Replace fixed sleeps with state-based waits

If your test still uses waitForTimeout, that is often the first place to look. Fixed sleeps are simple, but they are also the easiest way to encode timing assumptions into your suite. They can hide race conditions on a fast laptop and still fail in CI.

Instead of waiting for time to pass, wait for a state that proves the app is ready.

typescript

await page.goto('/dashboard');
await expect(page.getByRole('heading', { name: 'Dashboard' })).toBeVisible();
await expect(page.getByTestId('loading-spinner')).toBeHidden();

Good waits are tied to observable behavior, not internal implementation details. Sometimes the correct wait is a UI condition. Sometimes it is a network response. Sometimes it is a specific value appearing in the DOM.

Playwright also has built-in auto-waiting for many actions, which helps, but it is not magic. Auto-waiting handles readiness for the specific action it performs. It does not solve business logic timing, background fetches, or animations that block the target state.

Inspect network behavior when UI timing looks suspicious

Many UI flakes are really network or data availability issues in disguise. A test that clicks a button and expects a result might be failing because the API response is slow, because the request is duplicated, or because the page renders a transient error state before recovering.

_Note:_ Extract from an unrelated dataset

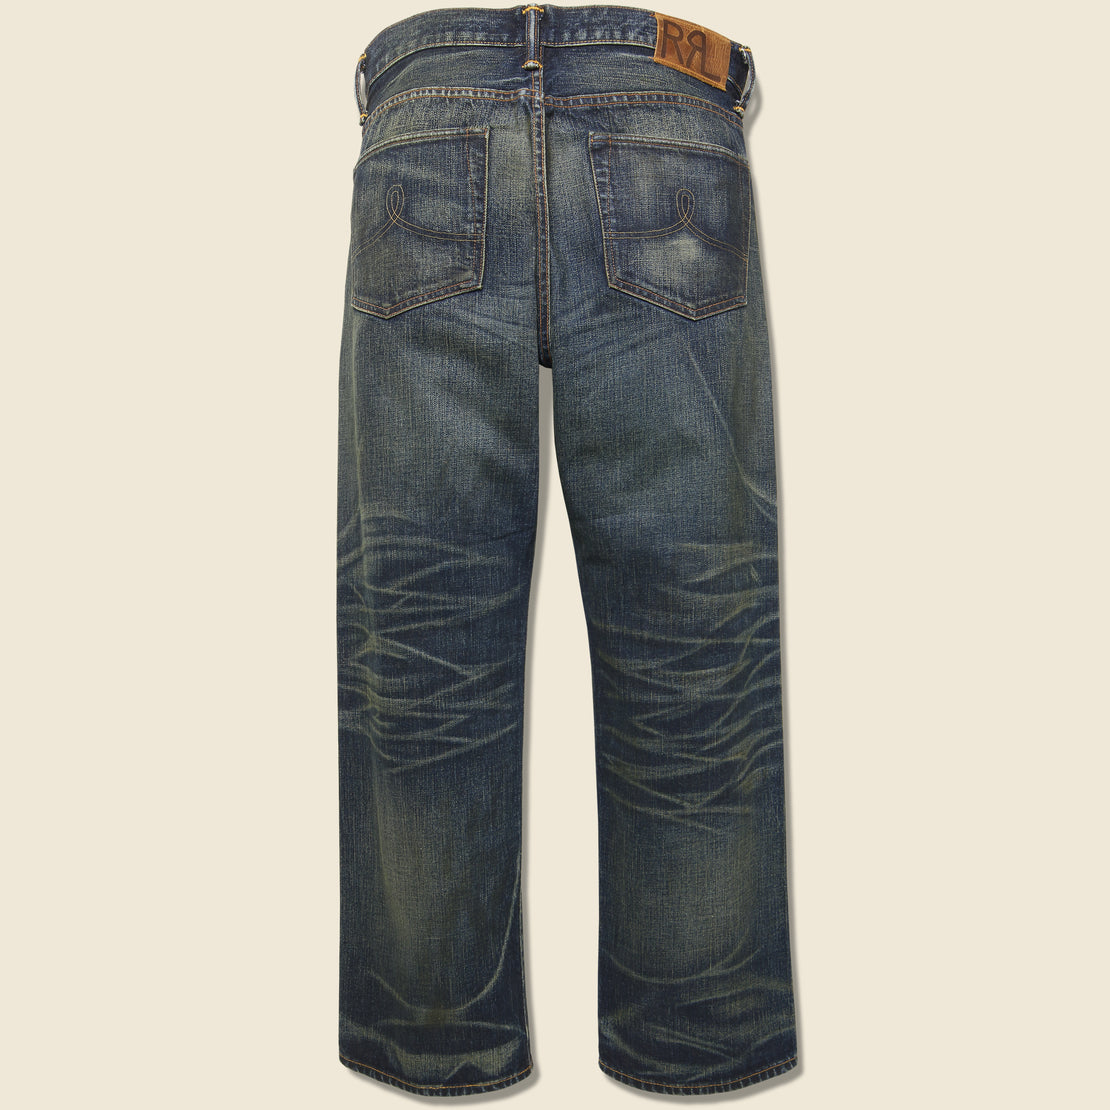 Vintage 5 Pocket Jean - Givins Wash - RRL - STAG Provisions - Pants - Denim
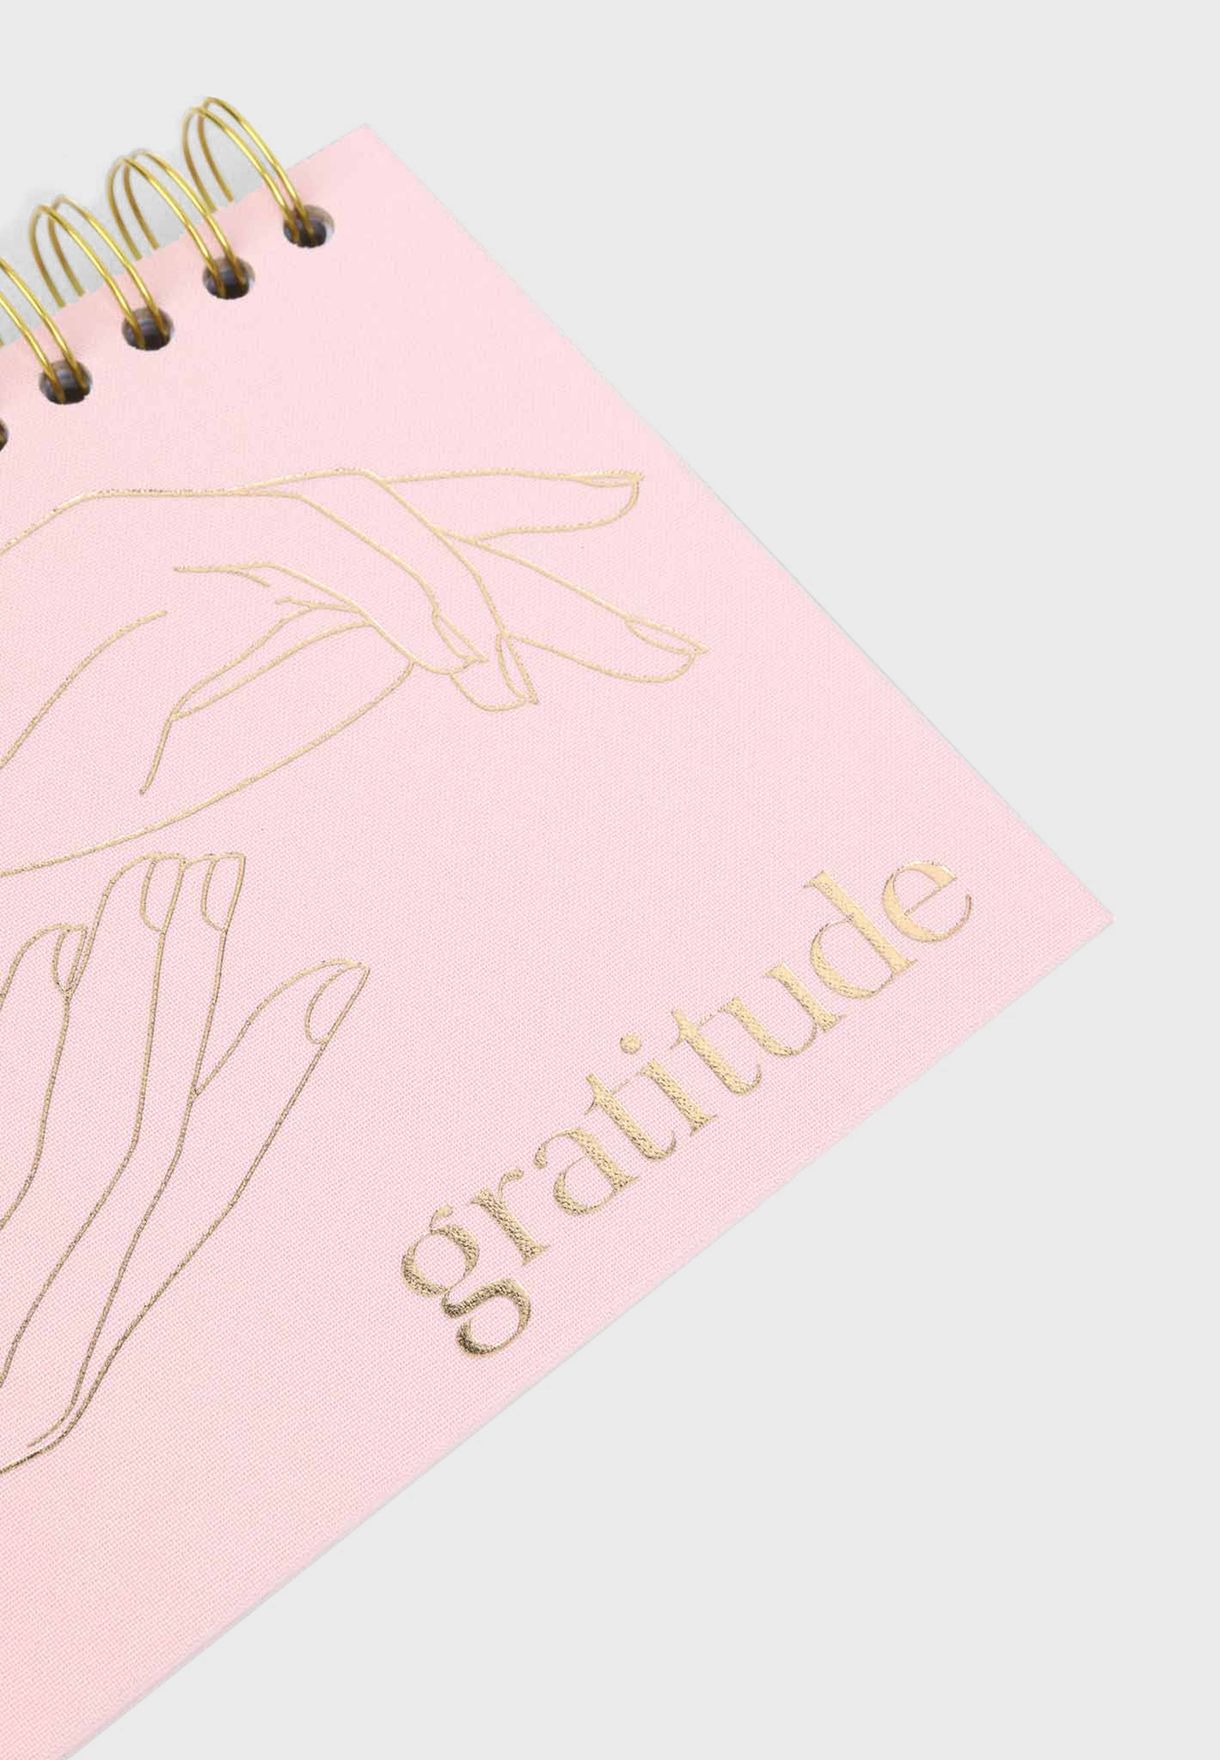 Achievher Pink Linen A5 Gratitude Journal

When I suspect that, I inspect network calls directly.

page.on('response', response => {
  if (response.url().includes('/api/profile')) {
    console.log(response.status());
  }
});

This is not something to leave in the suite permanently, but it is useful during diagnosis. If the API occasionally returns 204, 500, or a delayed 200, the test failure might be a symptom of backend instability rather than a bad assertion.

You can also wait for a specific response when the action directly depends on it.

typescript

await Promise.all([
  page.waitForResponse(res => res.url().includes('/api/save') && res.ok()),
  page.getByRole('button', { name: 'Save' }).click()
]);

That pattern reduces race conditions between the click and the network event. It also makes the test’s dependency explicit, which helps during future maintenance.

Use traces as a debugging artifact, not just a failure souvenir

Playwright trace files are one of the best tools for flaky test debugging because they capture action order, DOM snapshots, console logs, network requests, and timing details. The mistake is to treat traces as something to open only after a failure. In practice, you want traces to help you compare a failing run with a passing run.

When a flaky test fails locally, I usually inspect:

  • the exact action that failed
  • whether the element existed but was not actionable
  • whether the DOM changed between the last successful step and the failure
  • whether there were console errors or network failures before the assertion

A common pattern is this: the test clicks a button, the page starts navigation, and the next assertion runs before the new view stabilizes. In a trace, you can often see the click succeed but the post-click state still in transition.

That tells you the fix is not to add a random wait. It is to wait on the navigation outcome, a route change, or a specific post-action marker.

Distinguish product bugs from test bugs

Not every flaky test should be fixed in the test. Sometimes the test is exposing a real product issue, such as duplicate requests, state drift, or unstable rendering.

Examples of product problems that often show up as flaky tests:

  • a save button can be clicked twice before it disables
  • a loading state disappears before data is fully rendered
  • a toast is shown and removed before the assertion can observe it
  • an item order changes because the backend returns unsorted data

In those cases, the test is doing its job. The product behavior is not deterministic enough to support reliable automation.

A helpful rule is this: if a user would experience the same ambiguity, the test is probably not the problem. If the test is depending on an internal race that users do not care about, then the test needs to be rewritten to follow real user-observable state.

Eliminate shared state and test data collisions

CI test instability often comes from tests stepping on each other. Parallel execution speeds things up, but it also makes hidden data coupling much more visible.

Common sources of shared-state flake include:

  • reusing the same account across tests
  • creating the same resource name in multiple parallel workers
  • depending on a record that another test deletes or mutates
  • leaving local storage, session storage, or cookies behind

The fix is to make the test data unique, isolated, and disposable. A simple pattern is to namespace resources by worker and run.

typescript

const id = `${test.info().workerIndex}-${Date.now()}`;
const email = `user-${id}@example.com`;

For backend-dependent tests, make sure your setup and teardown are deterministic. If your suite creates users, projects, or orders, clean them up in a way that tolerates partial failures. A bad cleanup step can create the next flake.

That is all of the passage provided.